Gifting cryptocurrency has specific tax rules that differ from selling or trading. When you give crypto as a gift, the giver does not owe income tax or capital gains tax on the transfer — but gift tax rules apply. For 2025, you can gift up to $18,000 per recipient per year without filing a gift tax return (Form 709). Married couples can split gifts for a combined $36,000 exclusion.
The recipient inherits your original cost basis (carryover basis), meaning they will owe capital gains when they eventually sell based on your purchase price, not the gift-date value. If the FMV at the time of gifting is lower than your cost basis, special rules apply to prevent loss harvesting through gifting.

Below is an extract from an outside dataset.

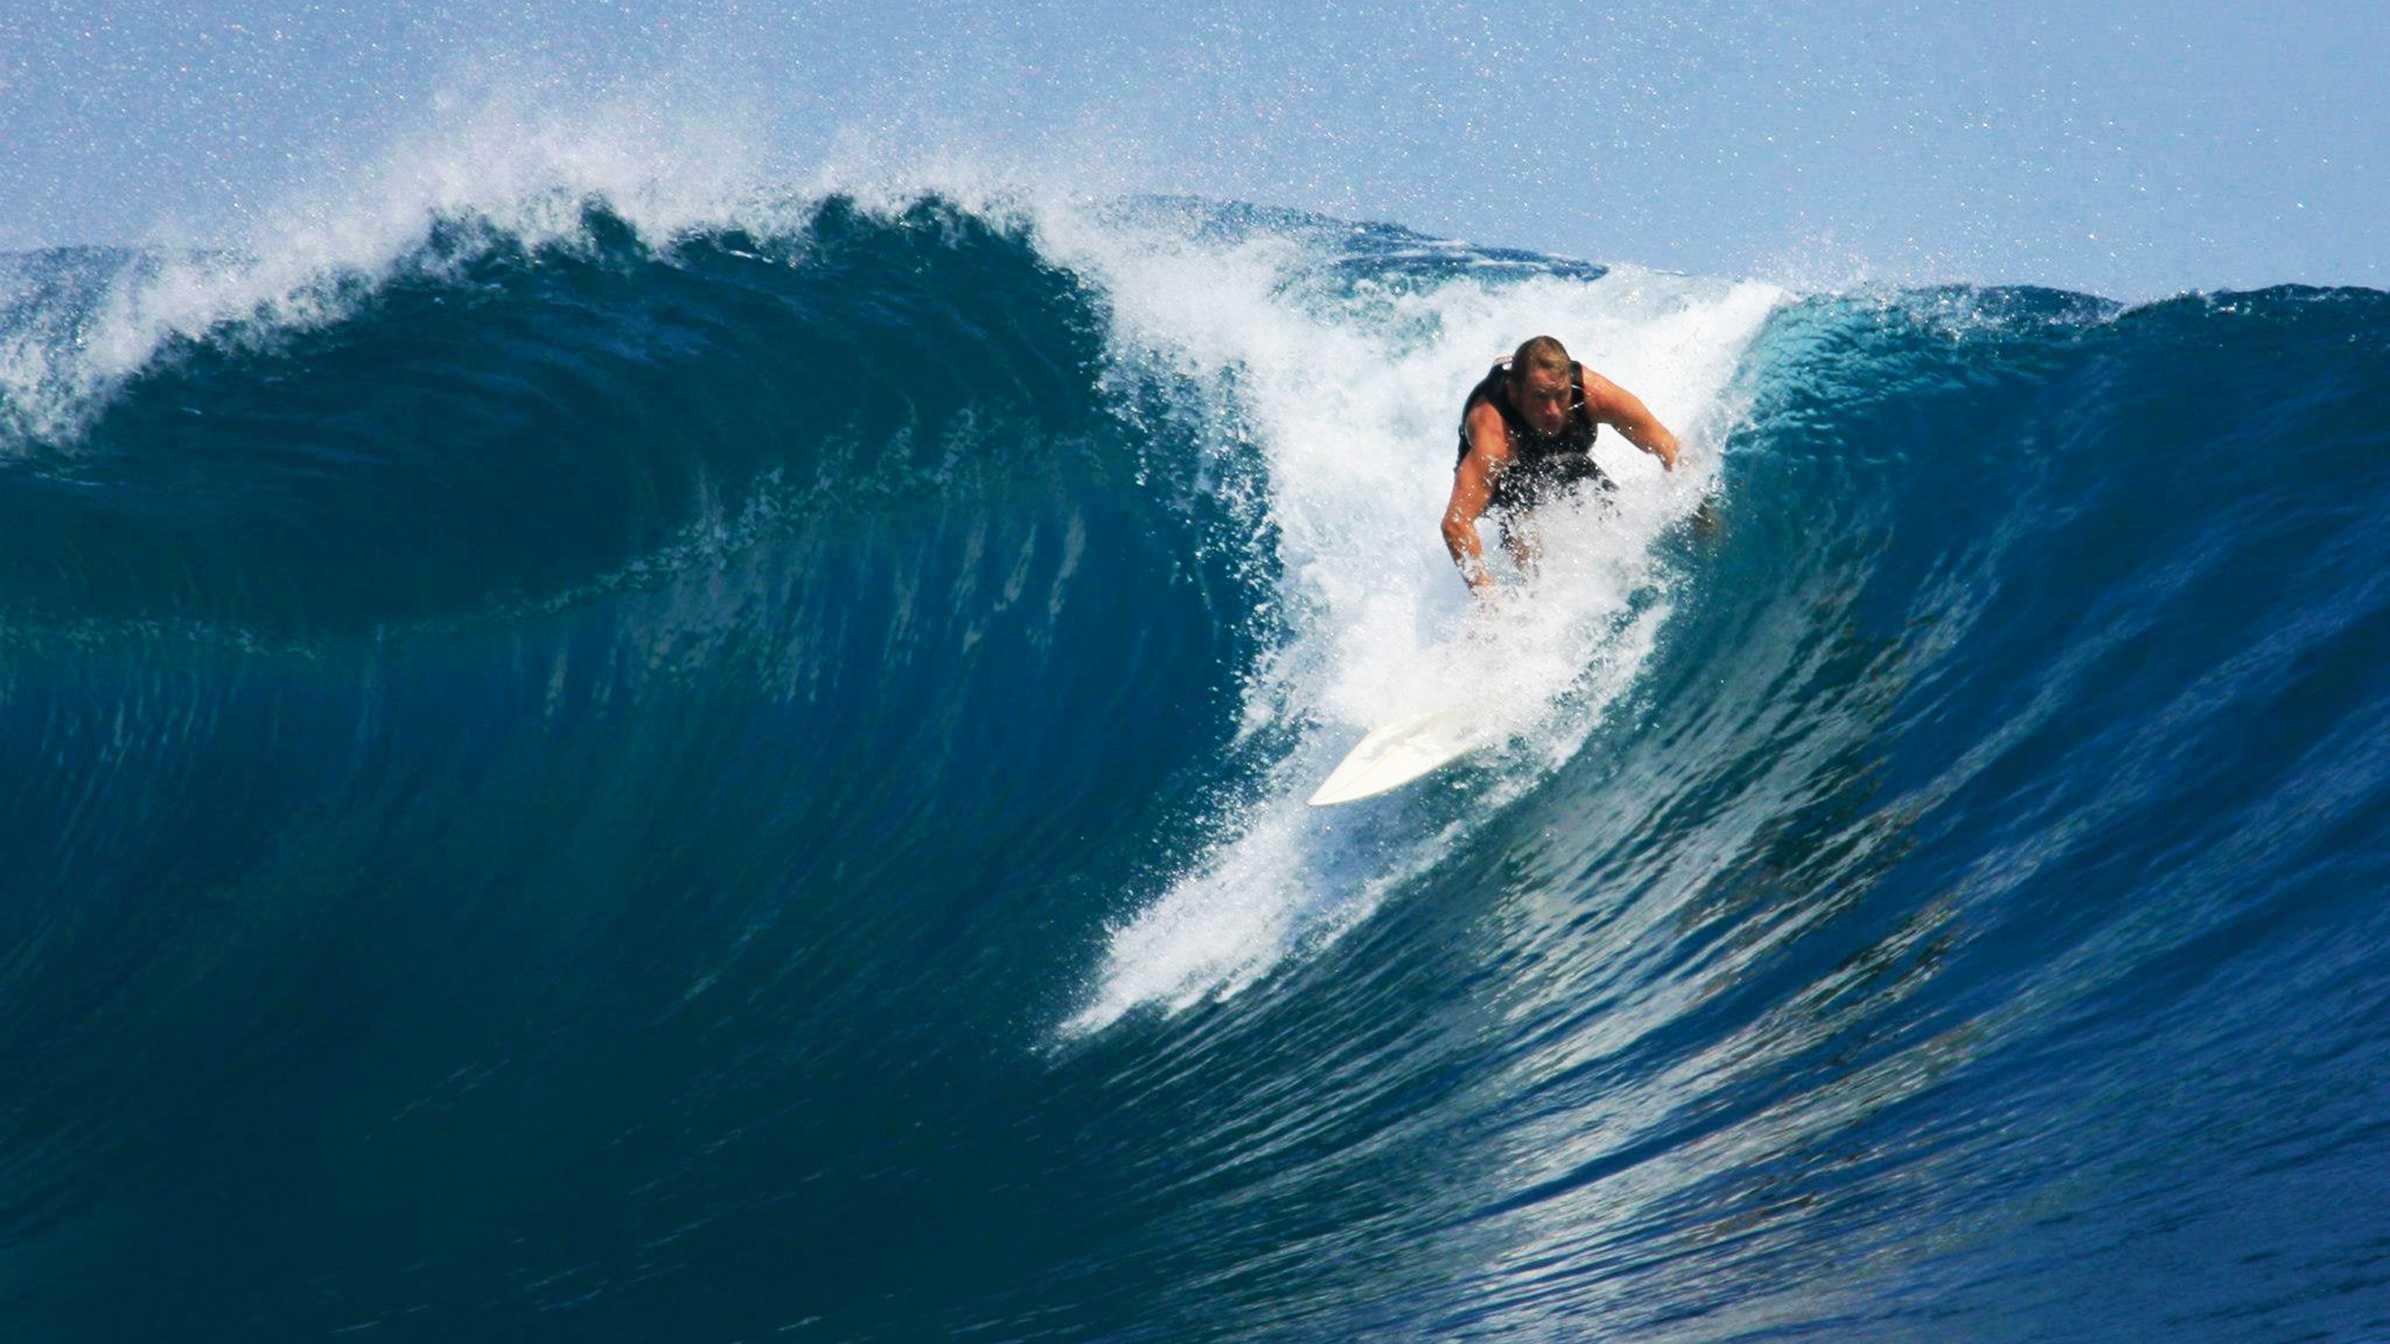 dylan surfing2.jpg

This calculator helps you determine whether your crypto gift triggers filing requirements, the gift tax exposure above the annual exclusion, and the recipient's carryover basis for future tax calculations. This tool is for educational purposes only and is not tax or financial advice.
Gifting crypto is a popular way to transfer wealth, but the tax implications are often misunderstood. This calculator clarifies whether you need to file Form 709, how much of your lifetime exemption you're using, and what cost basis the recipient inherits. It helps you plan gifts strategically to stay within the annual exclusion.

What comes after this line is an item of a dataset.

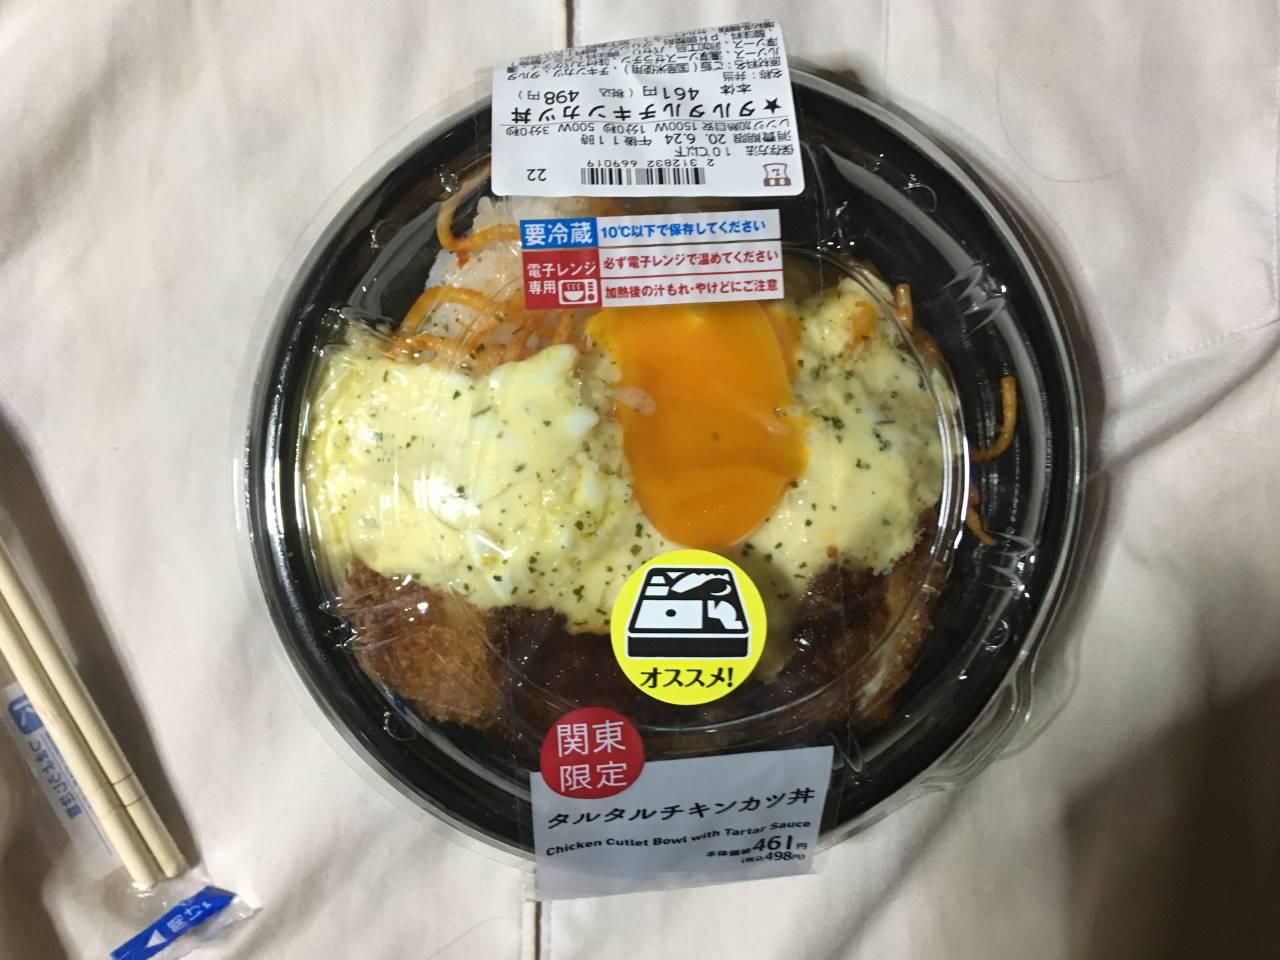 タルタルチキンカツ丼|ローソン

Annual Exclusion (2025) = $18,000 per recipient ($36,000 if gift-splitting) Taxable Gift = FMV of Gift − Annual Exclusion Recipient's Basis = Donor's Original Cost Basis (carryover basis) If FMV < Basis at gift date: Recipient's basis for loss = FMV at gift date
Result: $7,000 taxable gift; recipient basis $8,000
You gift crypto worth $25,000. The annual exclusion is $18,000, so $7,000 is a taxable gift that counts against your lifetime exemption ($13.61M). The recipient's carryover basis is your original $8,000 cost basis.
Gifting cryptocurrency is not a taxable event for the giver — no capital gains tax is triggered. However, gift tax rules require filing Form 709 for gifts exceeding the annual exclusion. The lifetime exemption of $13.61M means most people won't actually owe gift tax.

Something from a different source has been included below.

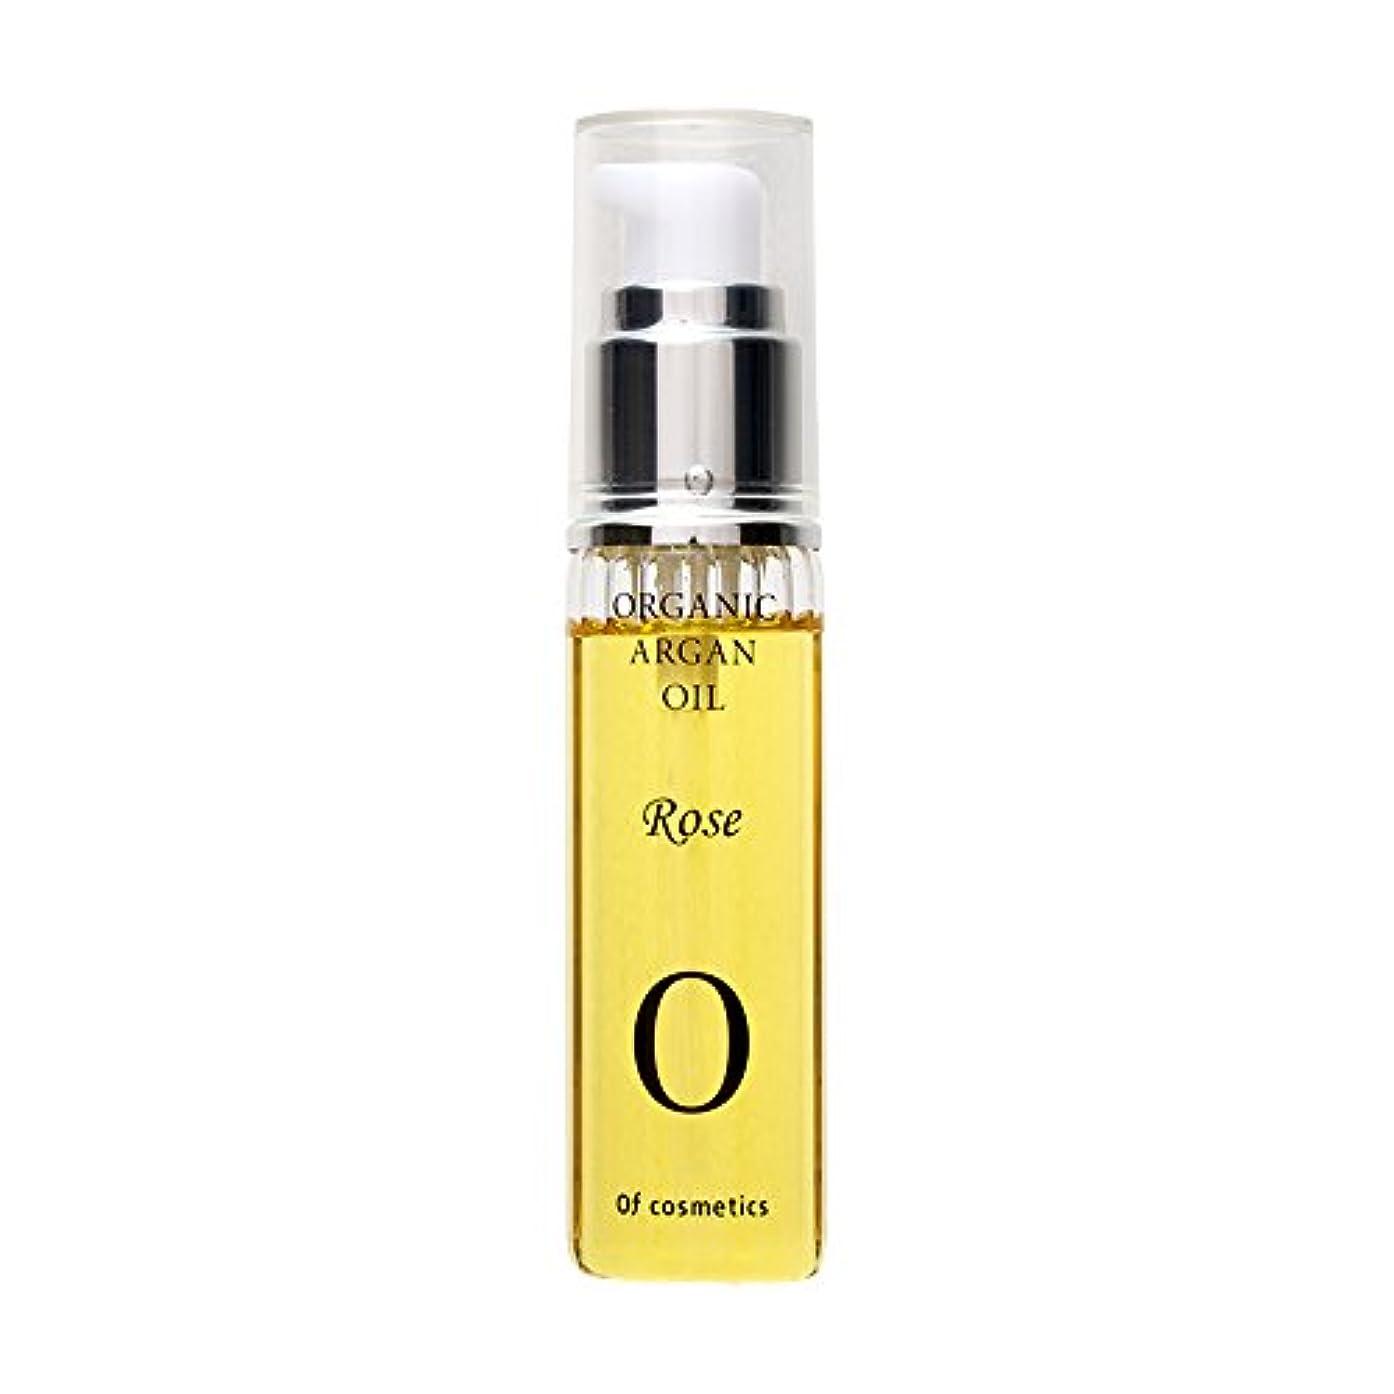 健康的アプト邪魔するオブ?コスメティックス スキンオイル?0-RO (目元や口元など、お顔の保湿ケアに) 40m ローズの香り 美容室専売 オーガニックアルガンオイル  潤い べたつかない オブコスメ

The recipient of a crypto gift inherits the donor's original cost basis. This is critical for future tax planning — if you bought Bitcoin at $1,000 and gift it when it's worth $50,000, the recipient's basis is $1,000. Their capital gain upon sale would be $49,000.
Gifting appreciated crypto to family members in lower tax brackets can reduce the overall tax burden. The donor avoids capital gains, and the recipient may pay a lower rate. Combine this with the annual exclusion to transfer significant wealth tax-efficiently.
The giver does not owe income tax or capital gains on a gift. However, if the gift exceeds the annual exclusion ($18,000 per recipient), you must file Form 709. The excess counts against your lifetime gift/estate exemption.
When you gift crypto, the recipient inherits your original cost basis. This means when they sell, they calculate capital gains based on what you originally paid, not the value at the time of the gift.
If the FMV at the gift date is less than your cost basis, the recipient's basis for calculating a loss is the FMV at the gift date. For gains, they use your original basis. This prevents donors from transferring losses.
The donor avoids capital gains tax by gifting instead of selling. However, the recipient inherits the gain through the carryover basis. This is a deferral strategy, not elimination — unless the recipient is in a lower tax bracket.
You must file Form 709 if your gift to any single recipient exceeds $18,000 in a year. Even if no tax is owed (due to the lifetime exemption), the filing requirement still applies for gifts above the annual exclusion.
For 2025, the lifetime gift and estate tax exemption is $13.61 million per individual. Taxable gifts above the annual exclusion reduce this exemption. Very few individuals actually owe gift tax due to this large exemption.